[Start of section]
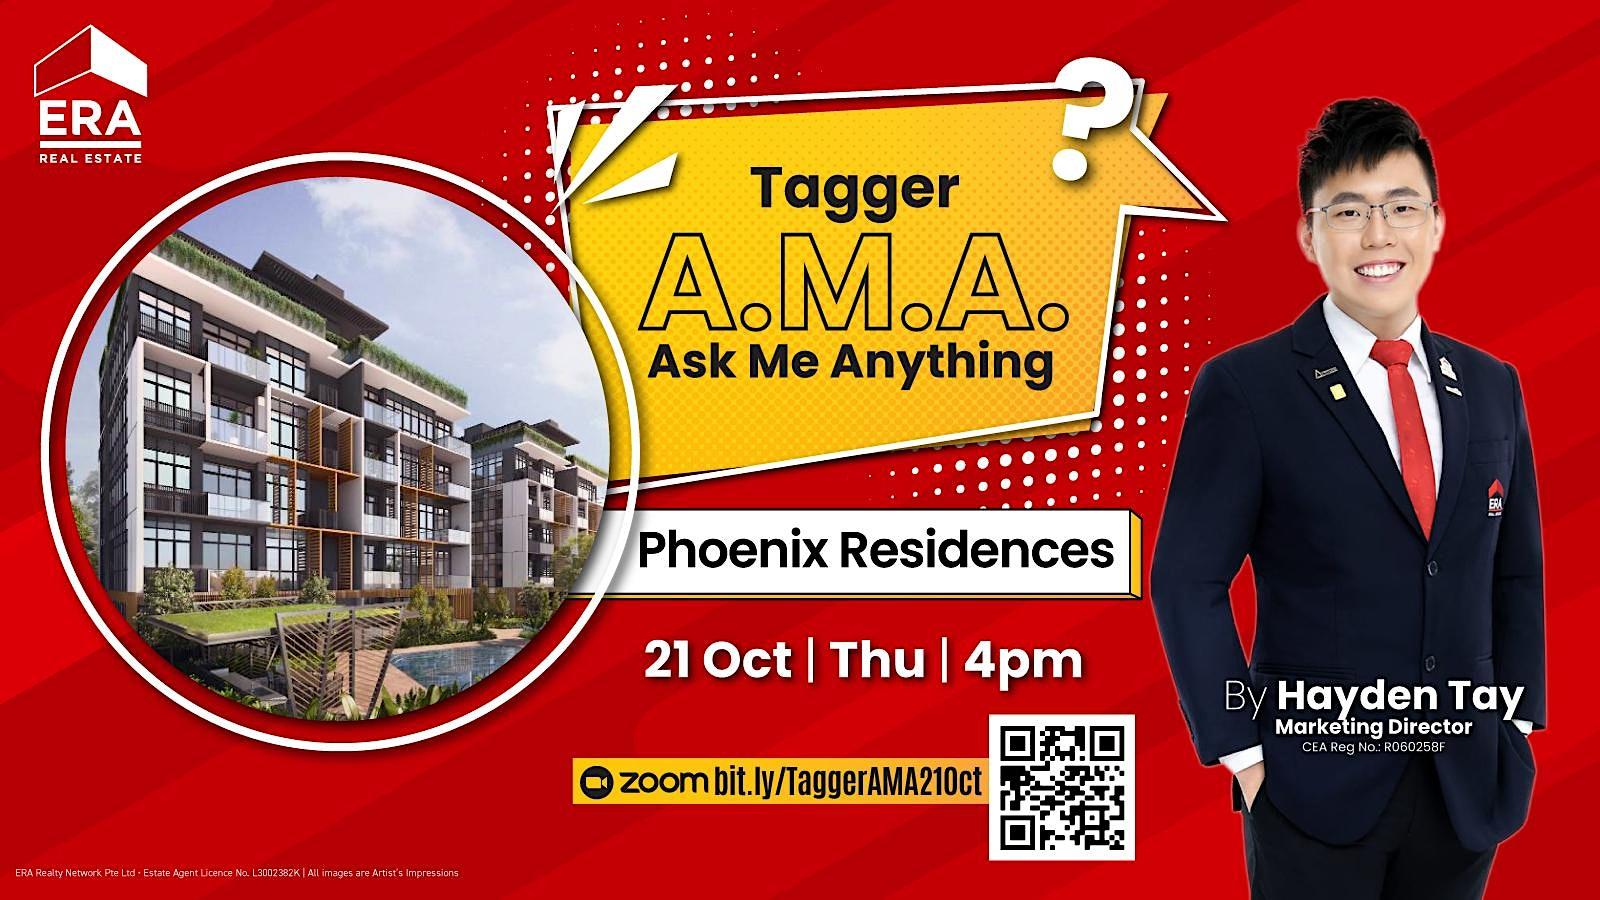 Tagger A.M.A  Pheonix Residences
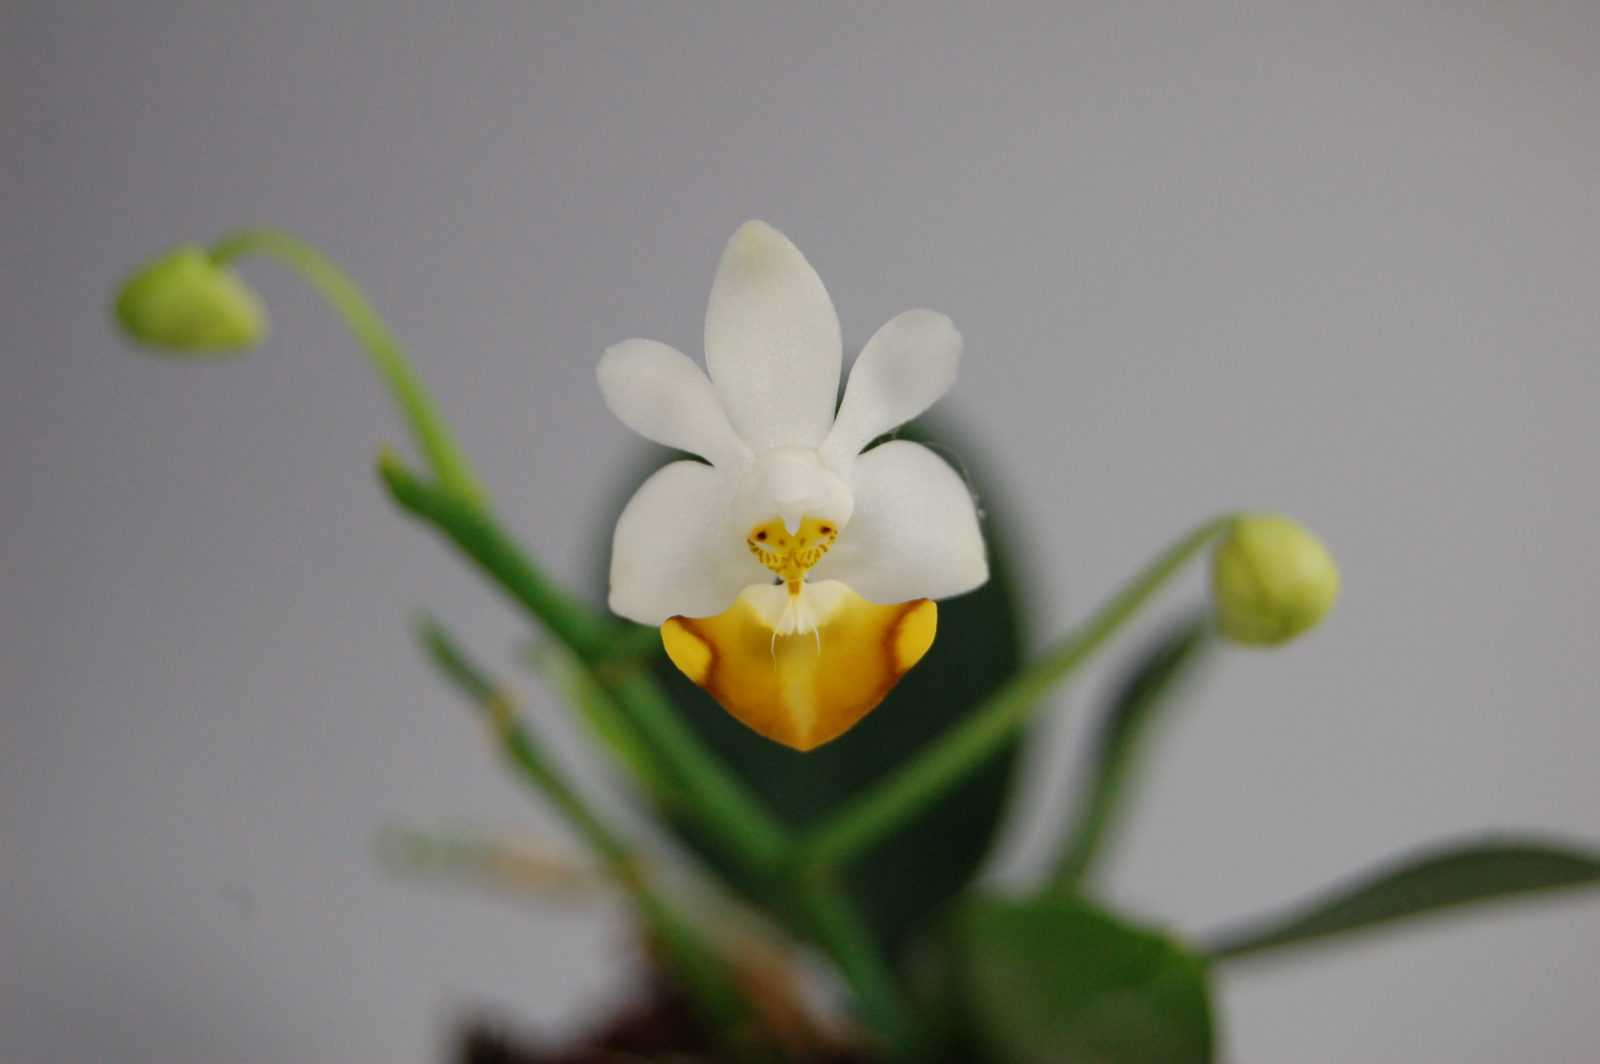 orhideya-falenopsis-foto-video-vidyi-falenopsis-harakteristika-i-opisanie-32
[End of section]
[Start of section]
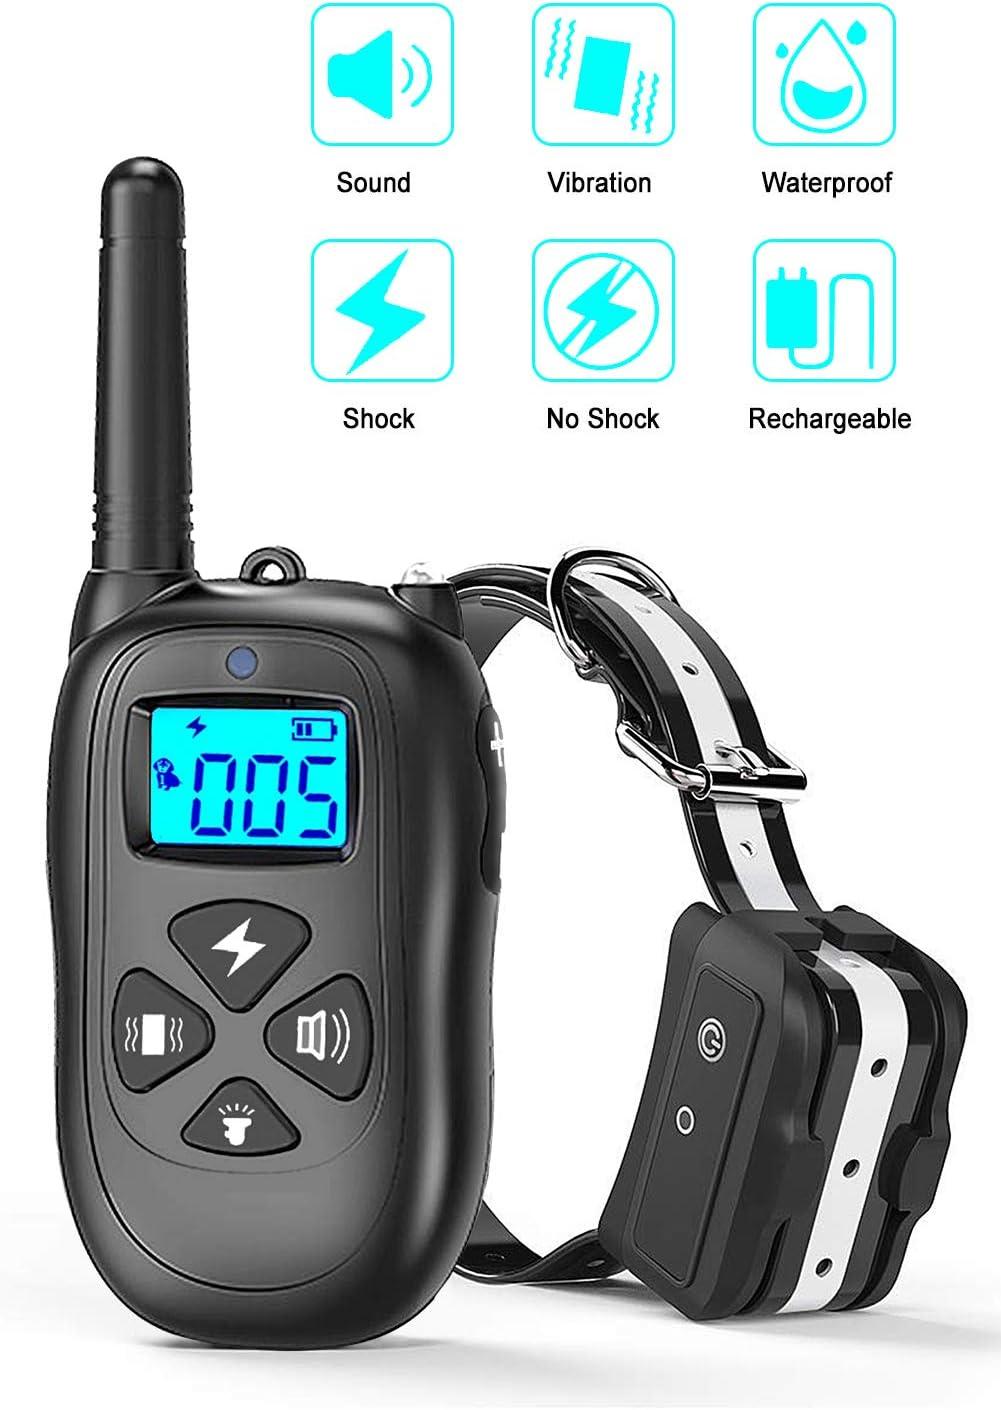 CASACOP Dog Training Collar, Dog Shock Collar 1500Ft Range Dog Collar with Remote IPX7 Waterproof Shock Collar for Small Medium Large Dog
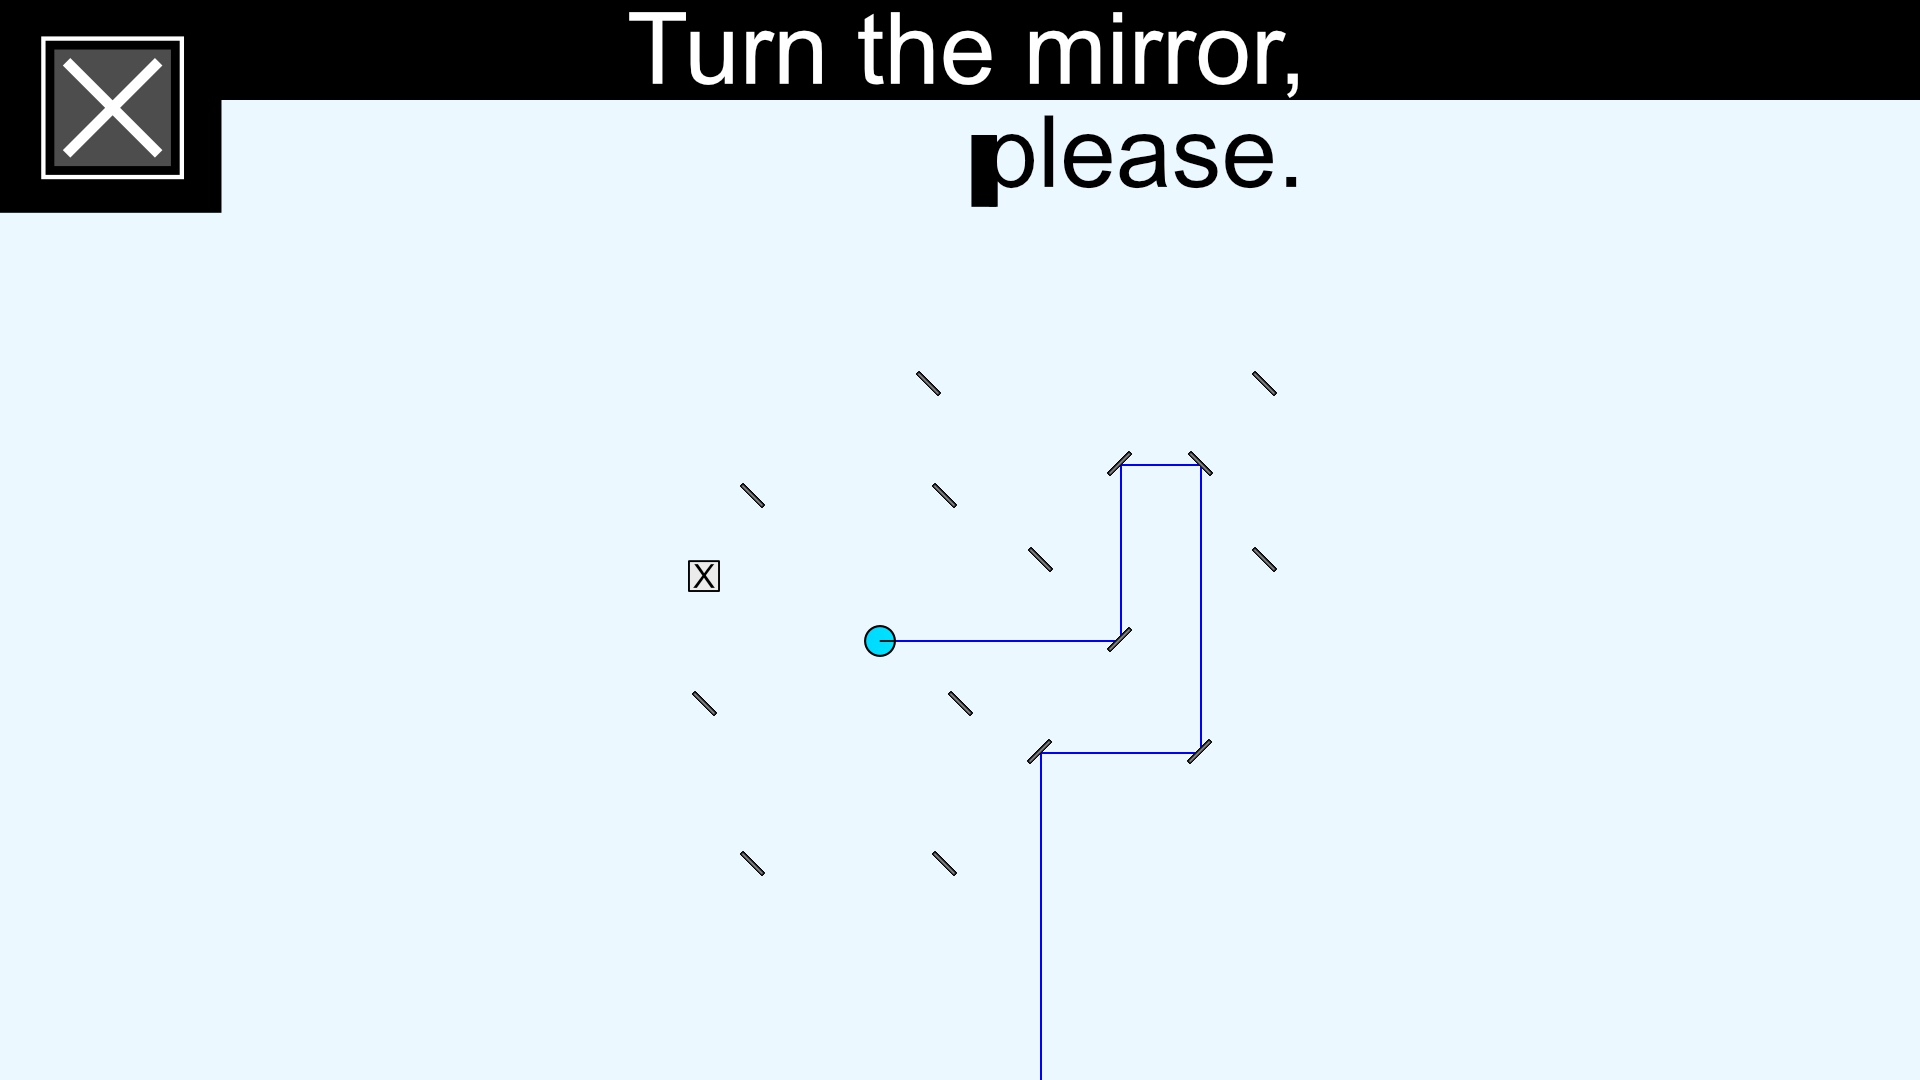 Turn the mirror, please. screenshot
[End of section]
What the exercise asks:
Reproduce the listing above exactly from the line containing "CASACOP Dog Training" up to and including the line containing "Turn the mirror, please. screenshot", omitting any images and everything outside those lines.

Response for this exercise:
 CASACOP Dog Training Collar, Dog Shock Collar 1500Ft Range Dog Collar with Remote IPX7 Waterproof Shock Collar for Small Medium Large Dog
 Turn the mirror, please. screenshot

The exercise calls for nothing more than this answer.